Many of you know that I have written often of the perils of dual agency. Case in point: I received a phone call today from a woman whose sister is working with an agent to purchase property. The agent also represents the seller.
Apparently the buyer and seller executed a contract. The seller, four days later, realized a mistake was made and they should have asked for a higher price. The agent let the buyer know that they were to sign an addendum for the higher price. The buyer did not agree and was fearful that the seller could cancel the contract. Her initial deposit money is already in escrow and escrow is open.

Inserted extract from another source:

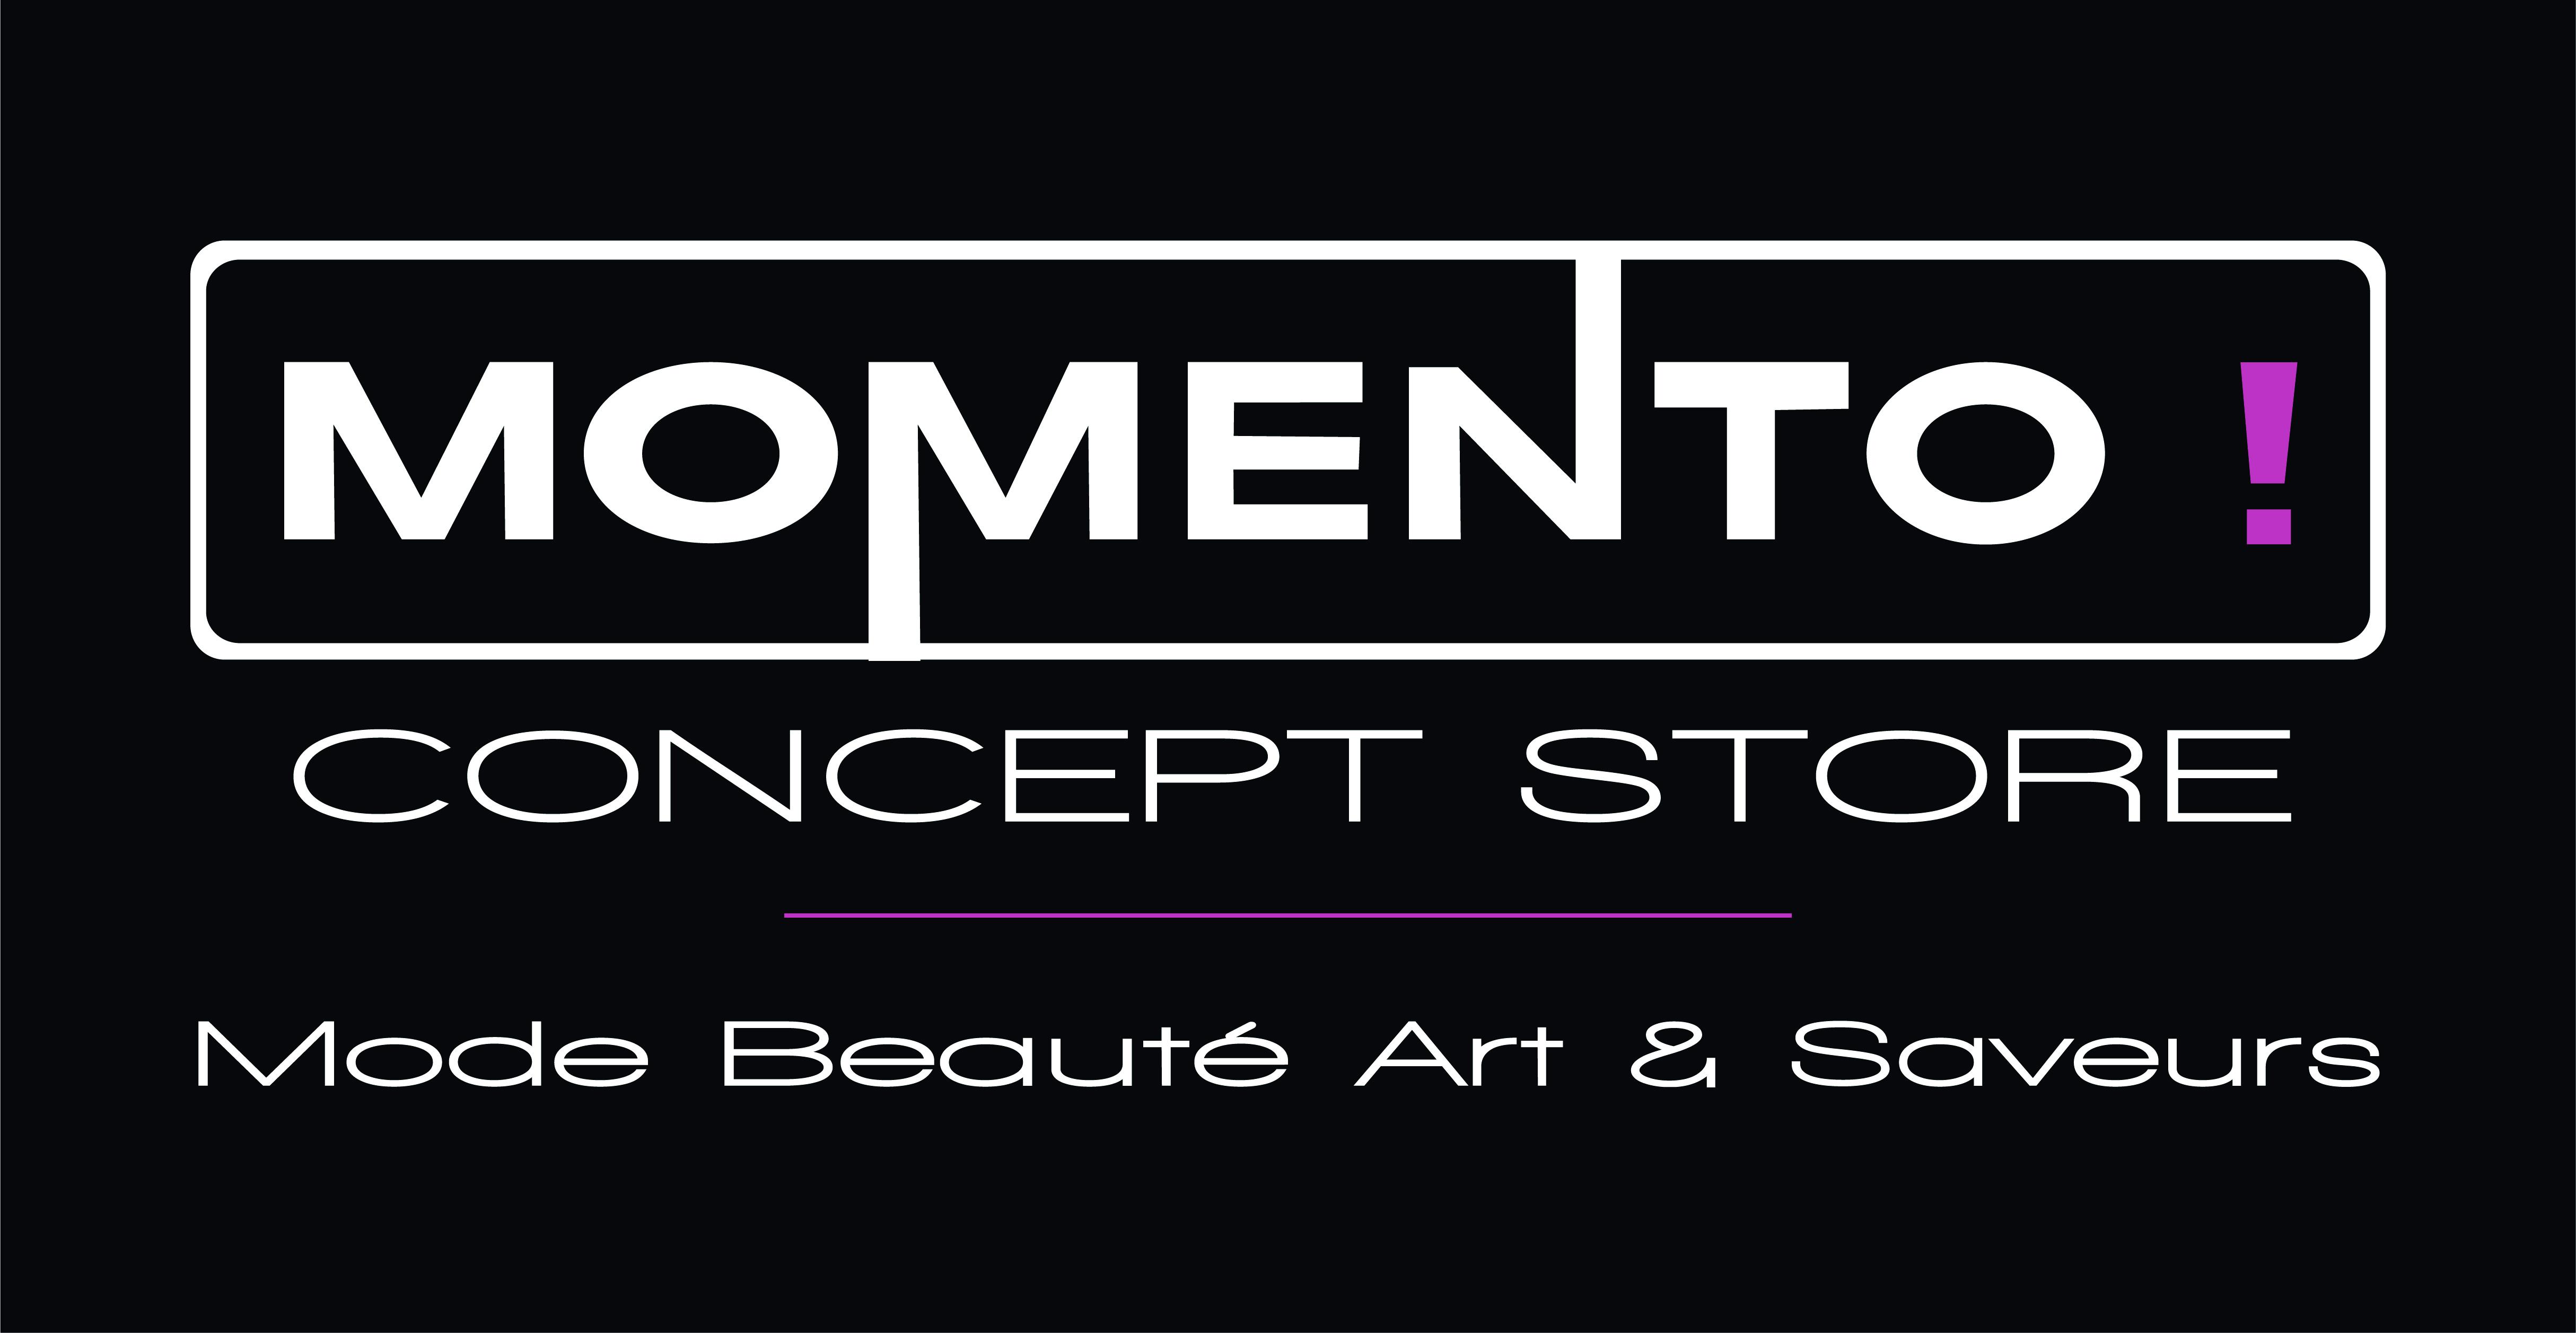 MOMENTO Concept

I do not represent this person and have not seen the contract. I did not provide legal advice but rather told the caller what right a buyer has under basic contract law – unless of course there is a clause in the contract giving a party more rights or altering the general rules.
Here is the bottom line: as a buyer in a real estate transaction, where there is a fully executed contract and no party has breached, and where there have been no alterations of contractual obligations pertaining to rights to cancel or amend, as long as a buyer performs his or her duties under the contract on time the seller does not have a right to cancel the contract. Parties of course CAN mutually agree IN WRITING and signed by all, to alter material terms, but if a buyer does not agree to do so it does not generally give the seller the right to cancel if the buyer is not in breach of contract.
Once again this problem is a result of dual agency- how can an agent who has a fiduciary duty to the seller (who wants to change a material term), also fulfill a fiduciary duty to the buyer (who does not agree)? This is a big pitfall of dual agency and a big reason for real estate lawsuits. I advised the caller to contact the agent, contact escrow, and if necessary contact an attorney.